[Provided data]
========

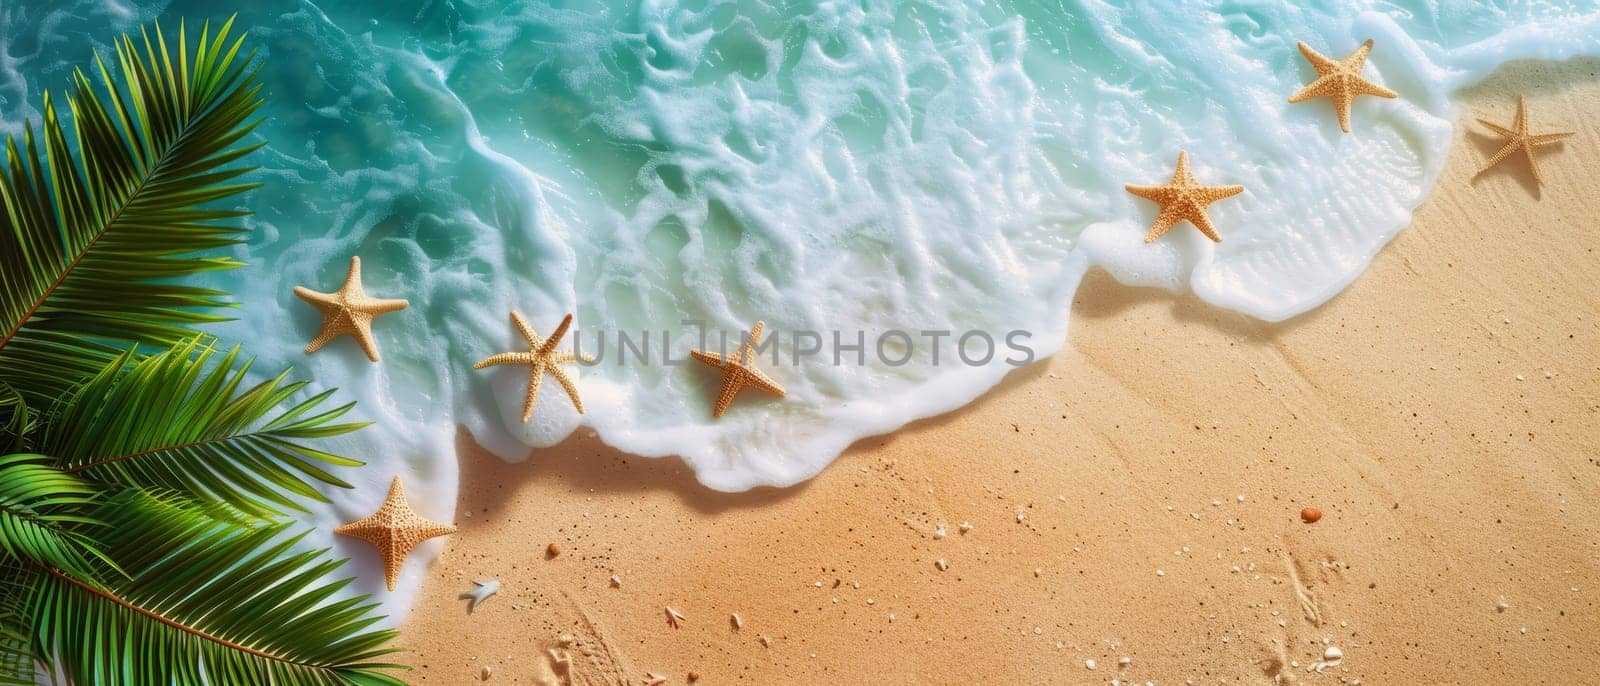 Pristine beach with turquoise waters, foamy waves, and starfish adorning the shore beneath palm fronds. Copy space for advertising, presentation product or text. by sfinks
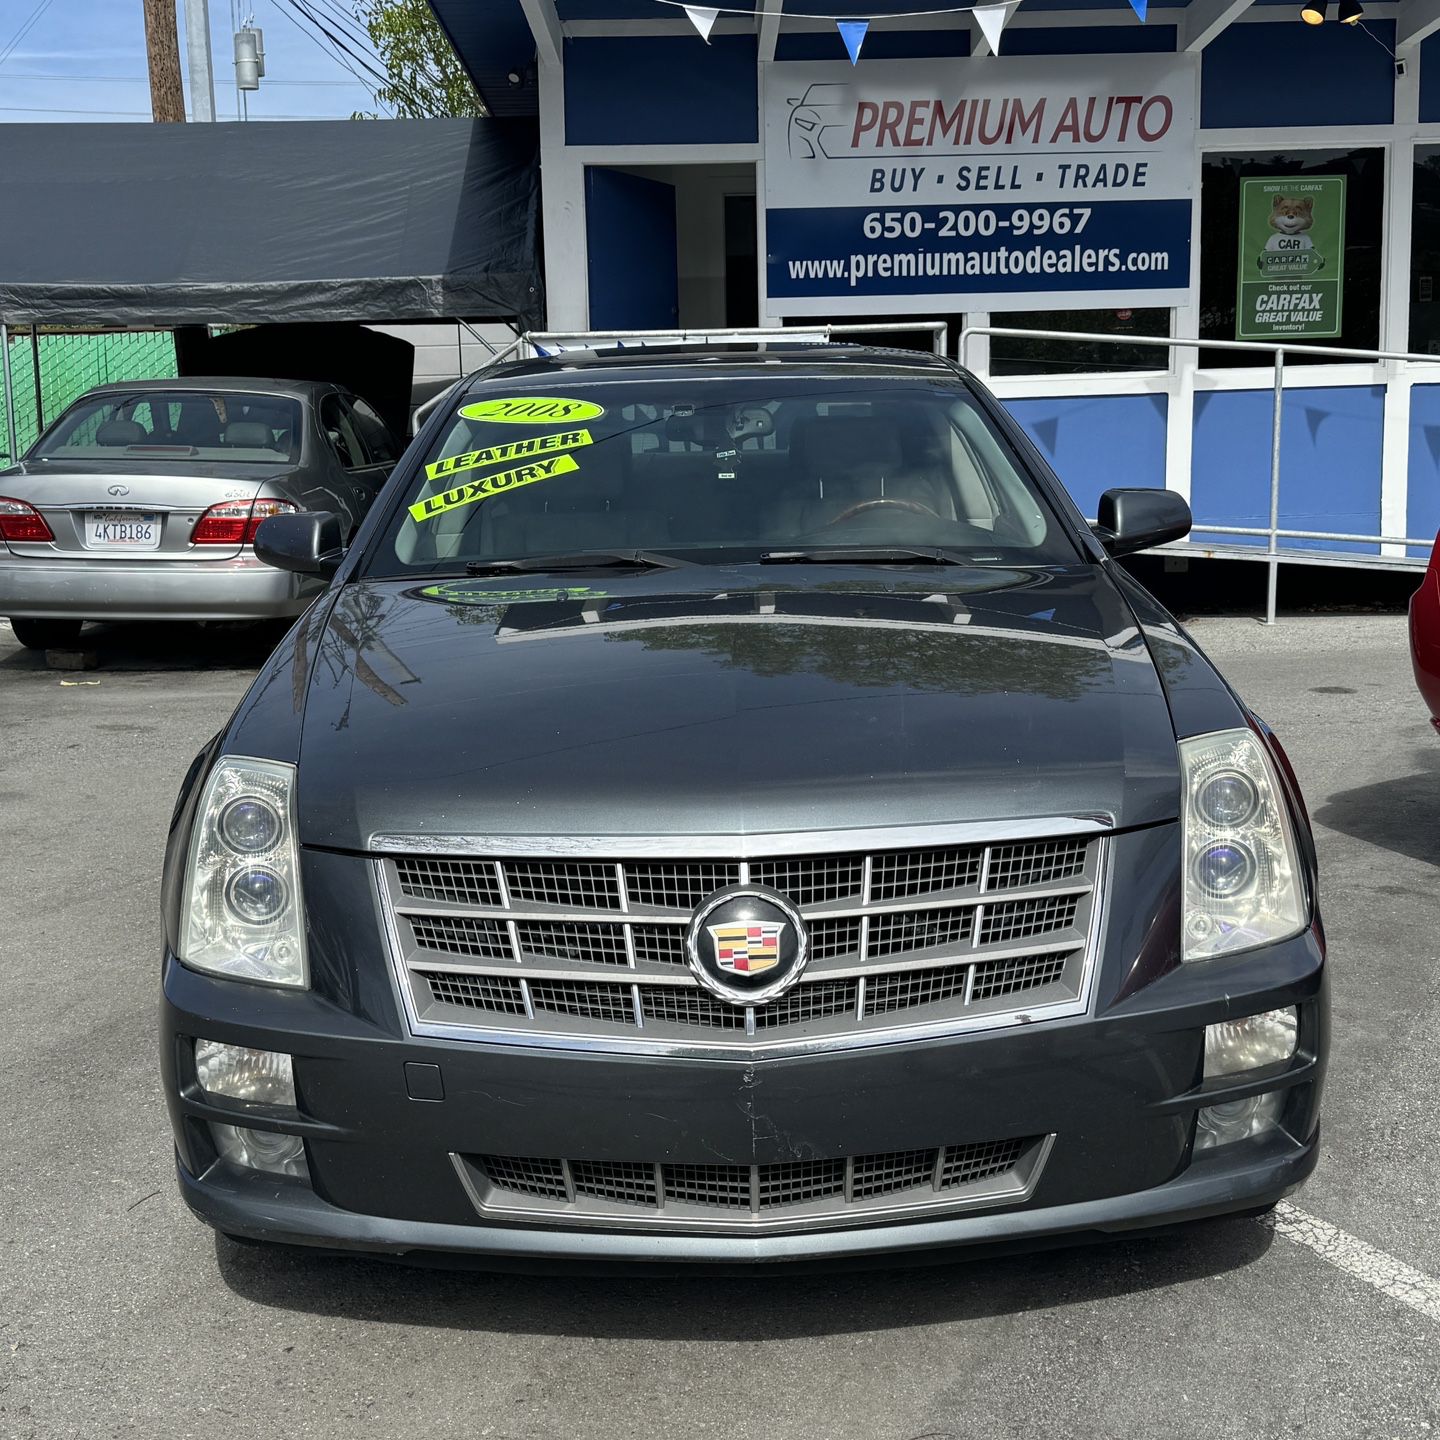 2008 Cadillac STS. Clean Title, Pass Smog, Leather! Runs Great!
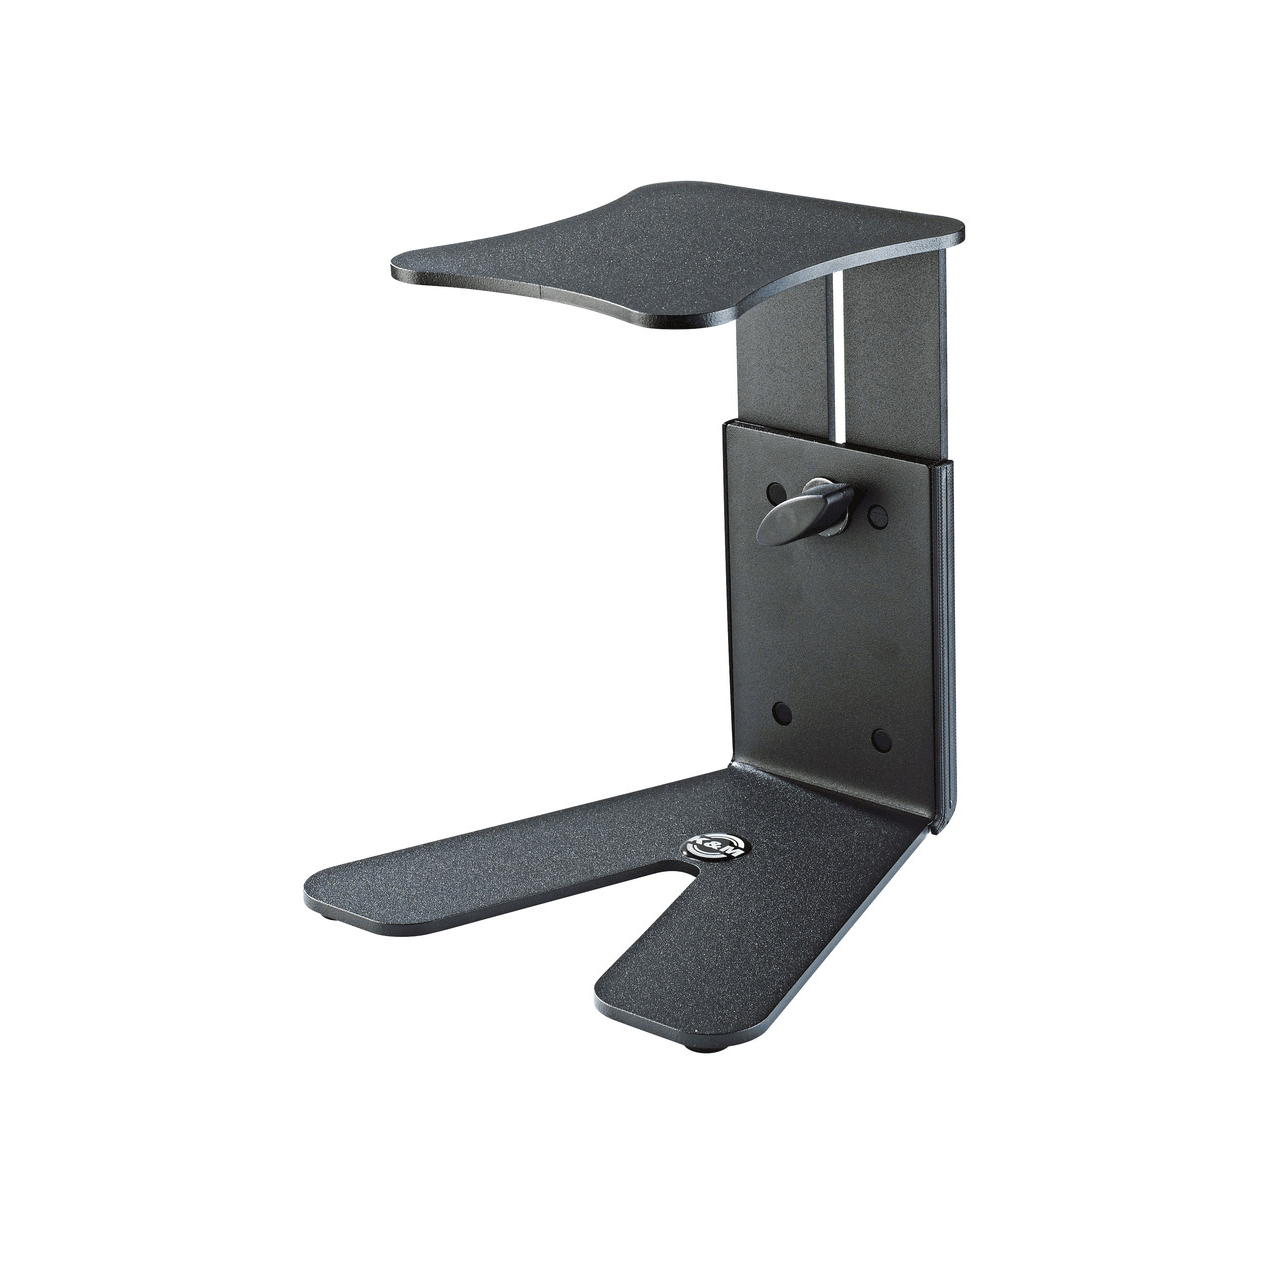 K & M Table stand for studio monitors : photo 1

========

The answer is to be the lines from the line that contains "2008 Cadillac STS." through the last line of the material, retyped exactly, both included, with pictures left out, please.

[Response to the exercise]
 2008 Cadillac STS. Clean Title, Pass Smog, Leather! Runs Great!
 K & M Table stand for studio monitors : photo 1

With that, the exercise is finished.